Its essential oil is also used for the preparation of perfumes and liqueurs; from the distillation of the fresh plant an essence containing eucalyptol and eugenol is obtained.
In history, basil has not distinguished itself as a food but as an element in the widespread superstitions among the peoples of Asia, the Middle East and the Mediterranean. As a food use we find the basil in literature only from the end of the eighteenth century. Nineteenth century explorers reported having met several species of Ocimum in Africa, Persia and Tropical Asia, either native or cultivated.

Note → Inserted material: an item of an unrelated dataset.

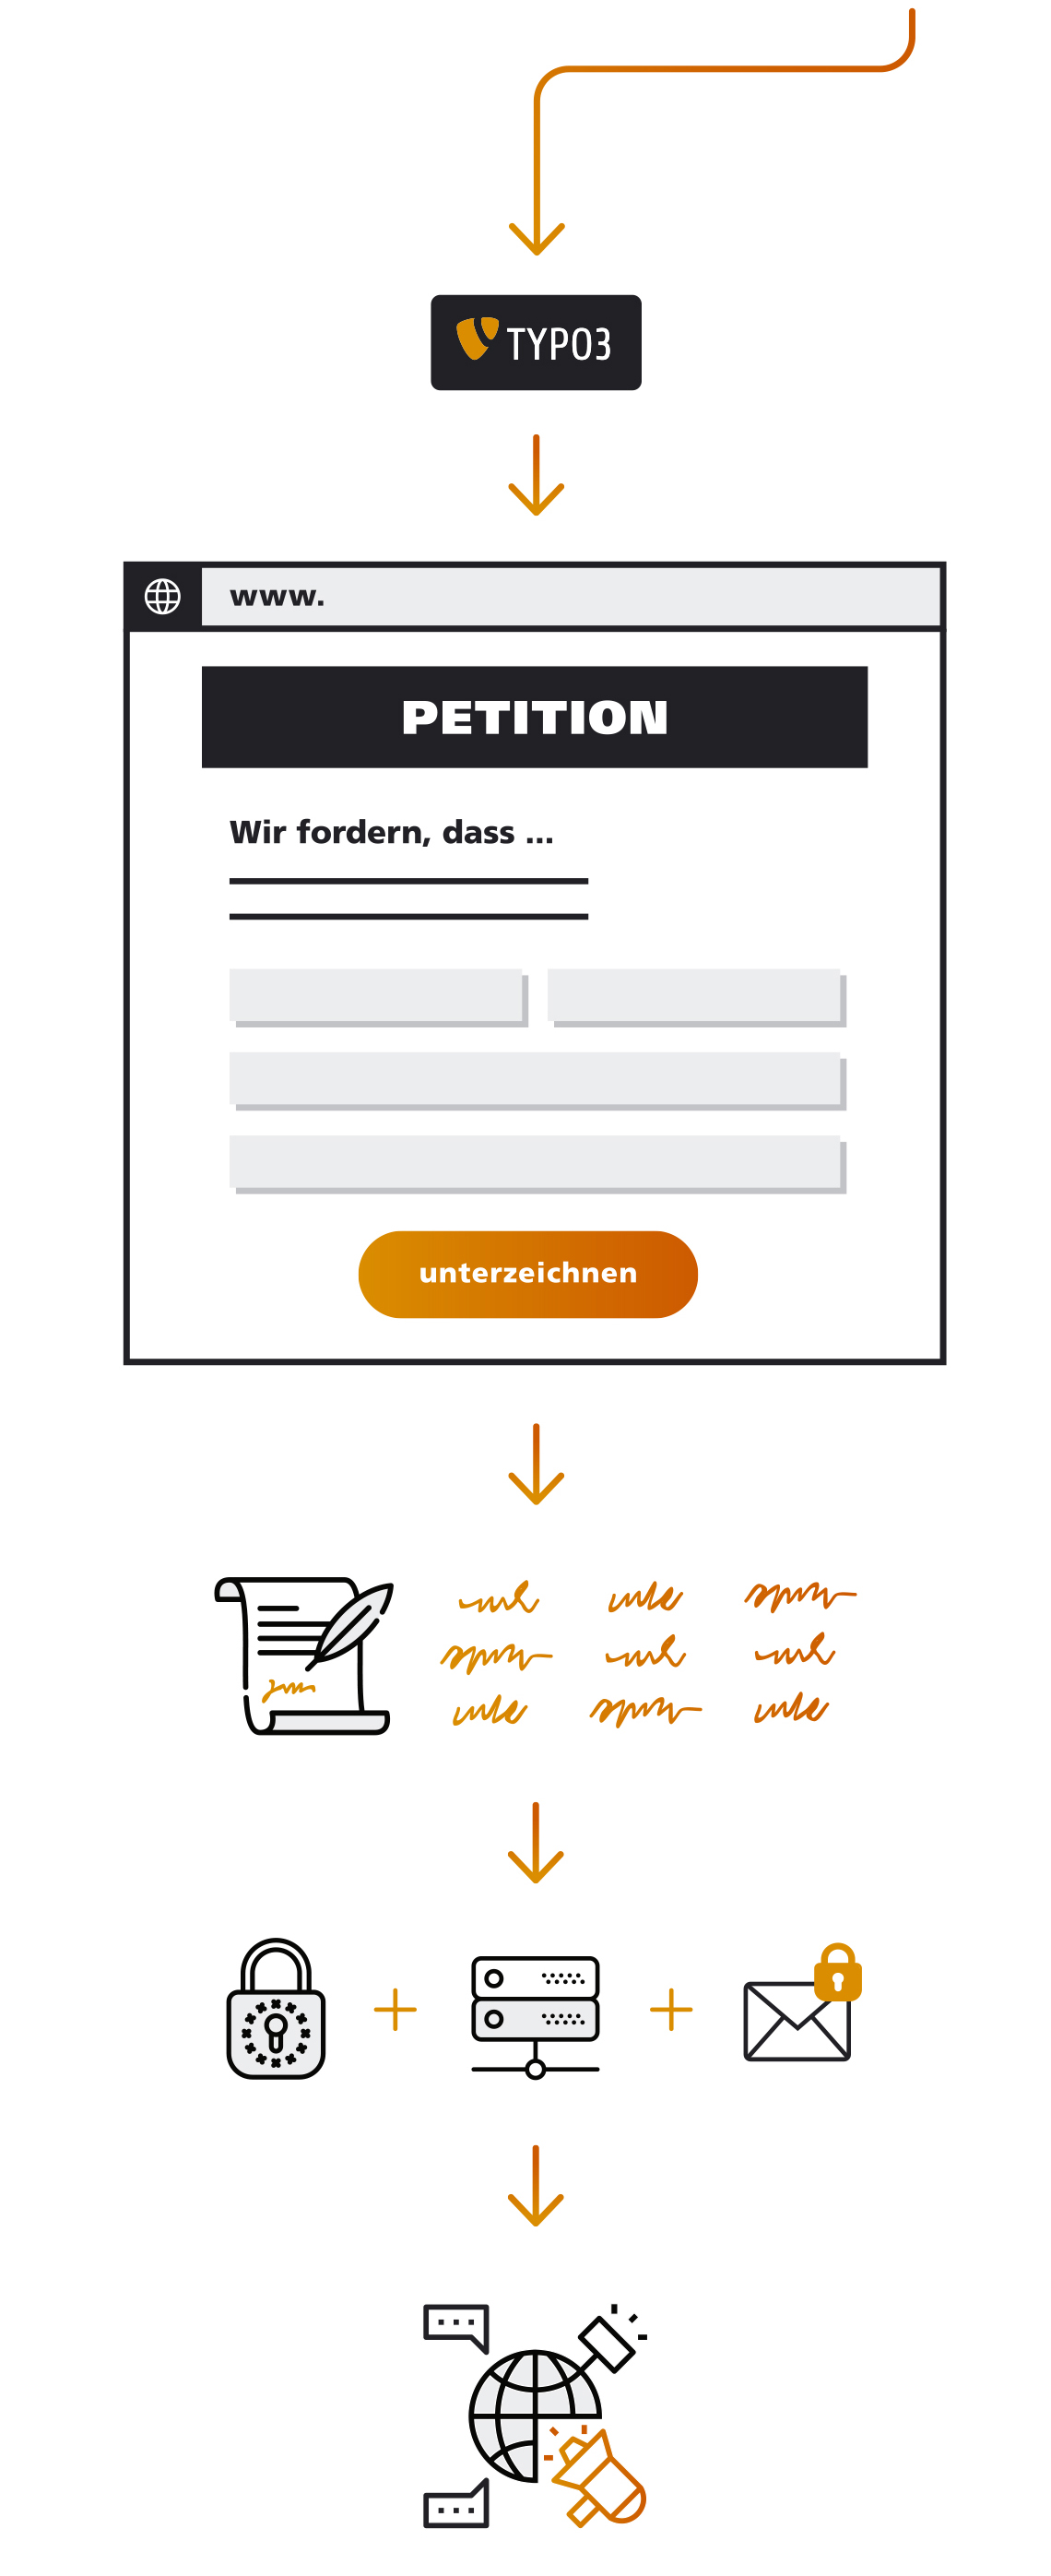 Typo3 Entwicklung, Petition

Among the ancient Egyptians and Greeks, basil had the auspicious symbol for the afterlife; in fact it was used for the embalming. The Chinese and the Arabs knew their medicinal properties, while the Crusaders filled their ships to hunt insects and bad smells. To confirm this, a 1989 study on essential basil oil shows that the plant has fungicidal and insect repellent properties. A similar study from 2009 confirms that plant extracts are very toxic to mosquitoes.
At the Greeks and Romans basil was considered a diabolical symbol of misfortune and hatred. Pliny the Elder attributed to the plant the ability to generate states of torpor and insanity, while according to Chrysippus it could be harmful to the stomach and the liver. The ancient Romans associated him with the mythological figure of the basilisk, a snake-shaped creature capable of killing with his eyes: the basil would serve as an antidote to his poison. An African legend also maintains that basil protects from scorpions.

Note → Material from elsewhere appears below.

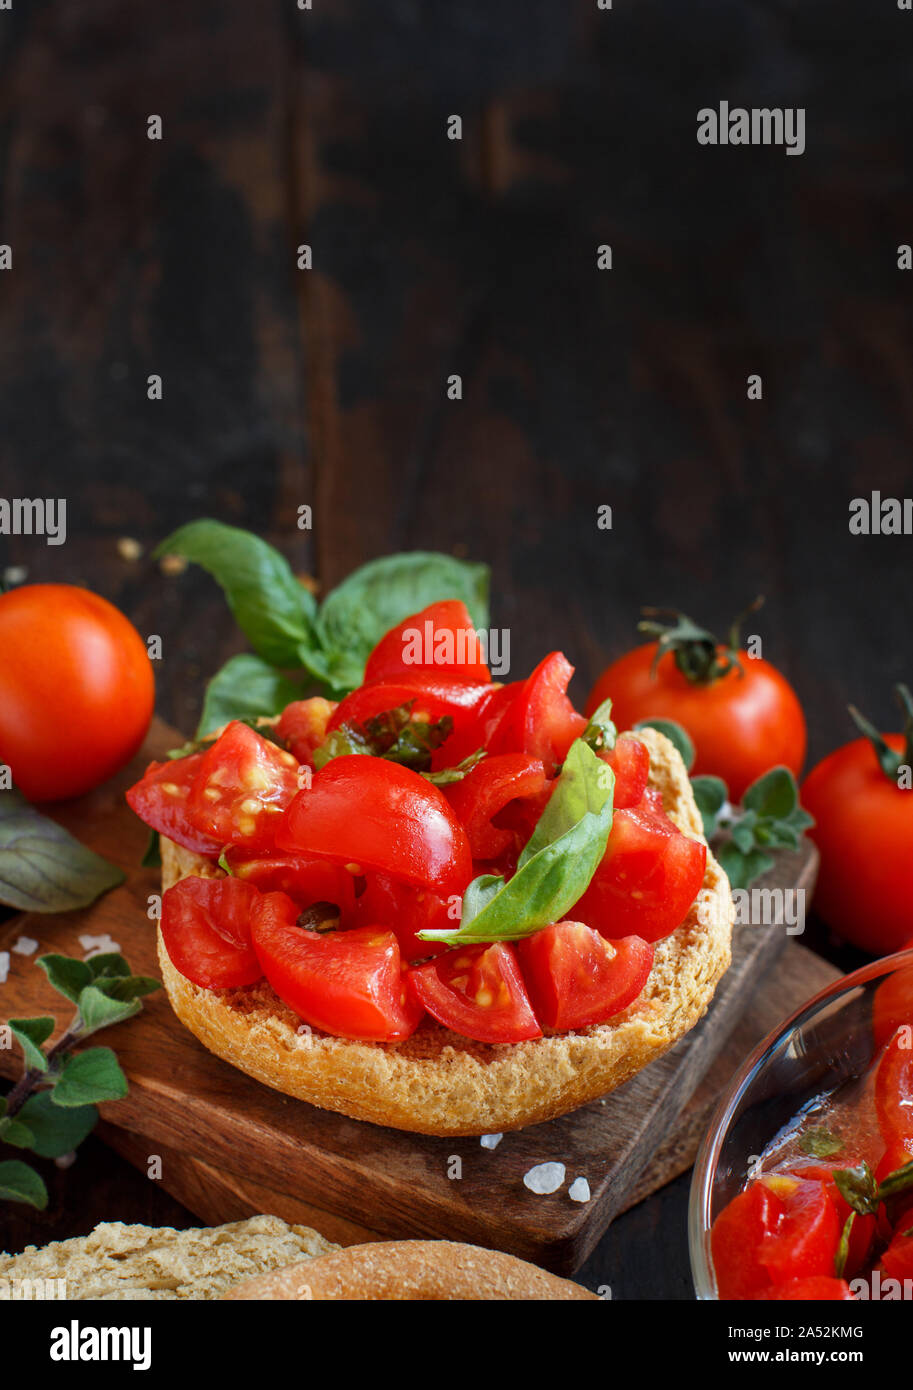 Frisella, typical south italian bread seasond with tomatoes and herbs Stock Photo

In the Middle Ages it was used to heal from wounds and was a vulnerable water ingredient, once used for external applications. For others it was considered poisonous.

Preparation Mode –
The basil is used in the kitchen for the preparation and flavoring of various dishes. Suffice it to mention all the Genoese Pesto, where the fresh basil is crushed with a pestle in the traditional mortar. To keep its aroma intact, the basil must be used fresh and added to the dishes at the last moment. Cooking quickly attenuates the flavor to neutralize it, leaving little of its scent.

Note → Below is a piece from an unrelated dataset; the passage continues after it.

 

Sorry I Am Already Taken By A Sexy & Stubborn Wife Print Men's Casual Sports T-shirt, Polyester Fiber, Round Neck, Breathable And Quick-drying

It can be dried but almost completely loses its flavor. In the refrigerator it can be stored for a few days, wrapped in a kitchen towel. In the freezer, on the other hand, flavor and aroma are preserved for several months.
Basil is used to flavor salads, especially with ripe tomatoes, or zucchini, garlic, seafood, fish, scrambled eggs, chicken, rabbit, duck, rice salads, soups, pasta and tomato sauces.
Even in Asian cuisine, especially in Taiwan, it is used a lot and frequently in soups. Whole leaves accompany fried chicken or are used to flavor milk and creams.
Because of its predominant aroma, the basil is difficult to combine with other aromatic herbs such as thyme and rosemary, while it can be paired with parsley and mint in some Sicilian pests.

Guido Bissanti

– Acta Plantarum – Flora of the Italian Regions.
– Wikipedia, the free encyclopedia.
– Treben M., 2000. Health from the Pharmacy of the Lord, Advice and experience with medicinal herbs, Ennsthaler Publisher
– Pignatti S., 1982. Flora of Italy, Edagricole, Bologna.
– Conti F., Abbate G., Alessandrini A., Blasi C. (ed), 2005. An annotated checklist of the Italian vascular flora, Palombi Editore.

Warning: Pharmaceutical applications and alimurgical uses are indicated for informational purposes only and do not in any way represent a medical prescription; there is therefore no liability for their use for curative, aesthetic or food purposes.